綠陰滿門春已還,黃鸝門外猶綿蠻。 蕭蕭冷官無一事,高齋搔首兀癡頑。 睡魔襲我意蕭散,直來眉睫揚神奸。 須臾爽氣溷塵俗,雙眸瞑眩那能覸。 彌明未斷口頭句,鼻息如寄雷車間。 夢魂恍恍何所適,飄飄寥廓辭躋攀。 松風拂足雲生腋,深窮月窟超人寰。 更尋織女支機石,天河西戶聲潺湲。 無何有客乘晚興,剝剝啄啄敲柴關。 驚回清風枕簟冷,赤霞夾日崆峒山。 一日廢書強舌本,萌生鄙吝勞清刪。 謾學昌黎送窮術,揮毫加點文爛斑。 睡魔憑物對我語,勸我停手開憤顏。 自言宇宙若非我,人生俄頃無休閒。
責睡魔
門外一片綠蔭,春天已然離去,可門外的黃鸝鳥依舊嘰嘰喳喳叫個不停。
我這冷清的小官兒沒啥事兒可做,只能在書房裏撓着頭,呆呆地坐着。
睡魔一下子就找上了我,讓我整個人變得懶洋洋的,它就像個狡猾的傢伙,在我眼皮子底下耍着壞。
沒多久,我原本清爽的精氣神就被這塵世的倦怠給攪亂了,雙眼昏花,啥都看不清。
我就像彌明和尚一樣,念念叨叨還沒停,可這鼾聲卻如驚雷一般響起來了。
我的夢魂飄飄悠悠,也不知道要去哪裏,感覺自己輕飄飄地飛在廣闊的天地間,不用再爲塵世的事情攀爬奔波。
夢裏松風輕輕拂過我的腳,雲朵彷彿從我的腋下生出,我深入到月亮的深處,超脫了這凡俗人間。
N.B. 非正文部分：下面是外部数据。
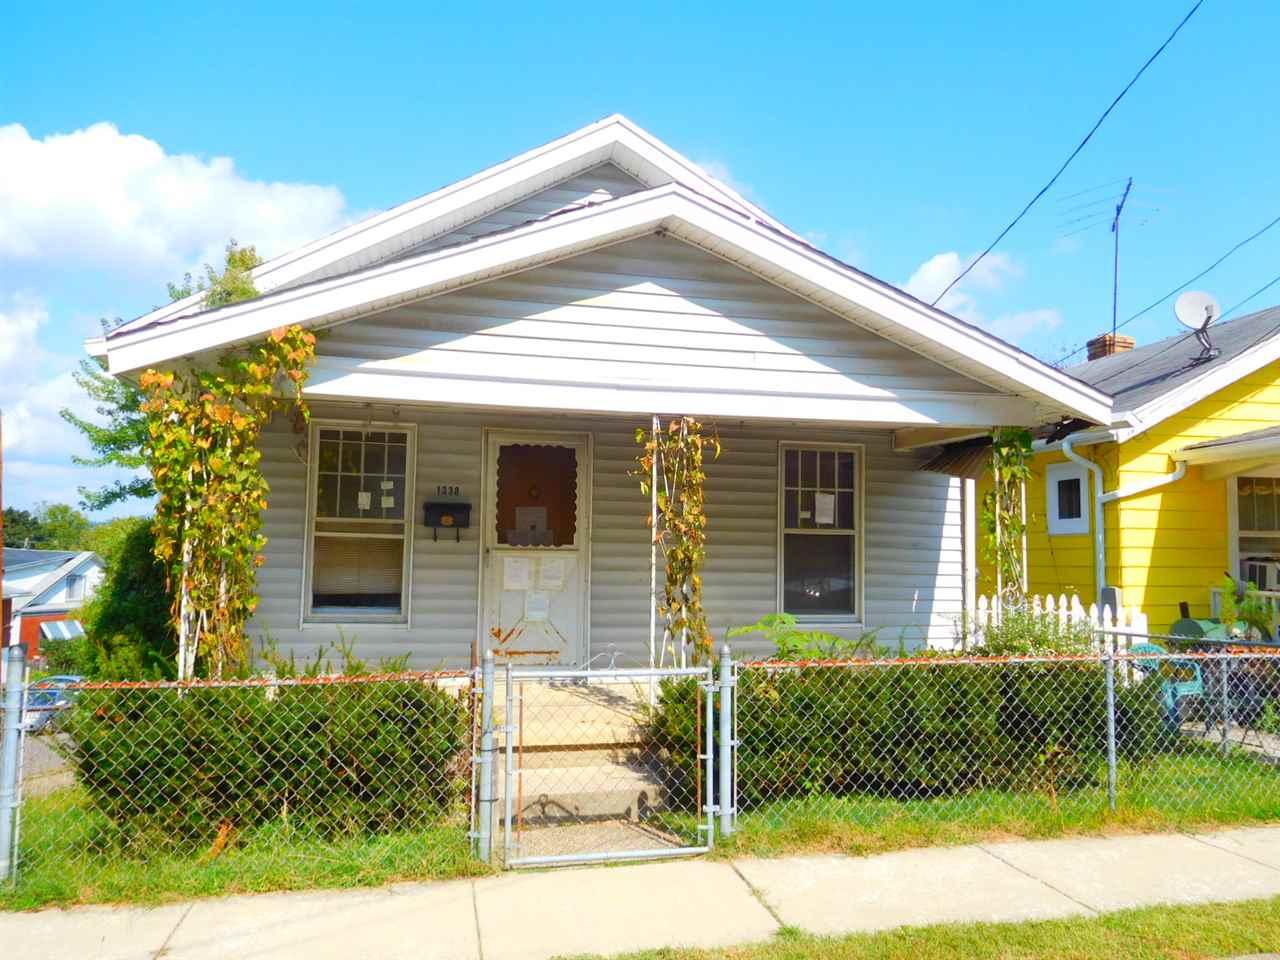 Photo of 1338 Hazen Street  Covington  KY

我還想去尋找織女的支機石,在天河的西邊,能聽到潺潺的流水聲。
突然,有客人趁着傍晚的興致來訪,“剝剝啄啄”地敲着柴門。
這敲門聲一下子把我從美夢中驚醒,只感覺枕邊和竹蓆都涼颼颼的,看到窗外如赤霞般的夕陽映照着崆峒山。
這一天因爲睡覺荒廢了讀書,強打着精神,感覺自己生出了許多狹隘的念頭,還得費心地去清除這些雜念。
我也學着韓愈寫《送窮文》的法子,揮筆寫下一篇文章,文字斑斕。
睡魔藉着別的東西跟我說話,勸我停下手,別再生氣了。
它說要是這宇宙間沒有它,人生一下子就沒了休閒的時候。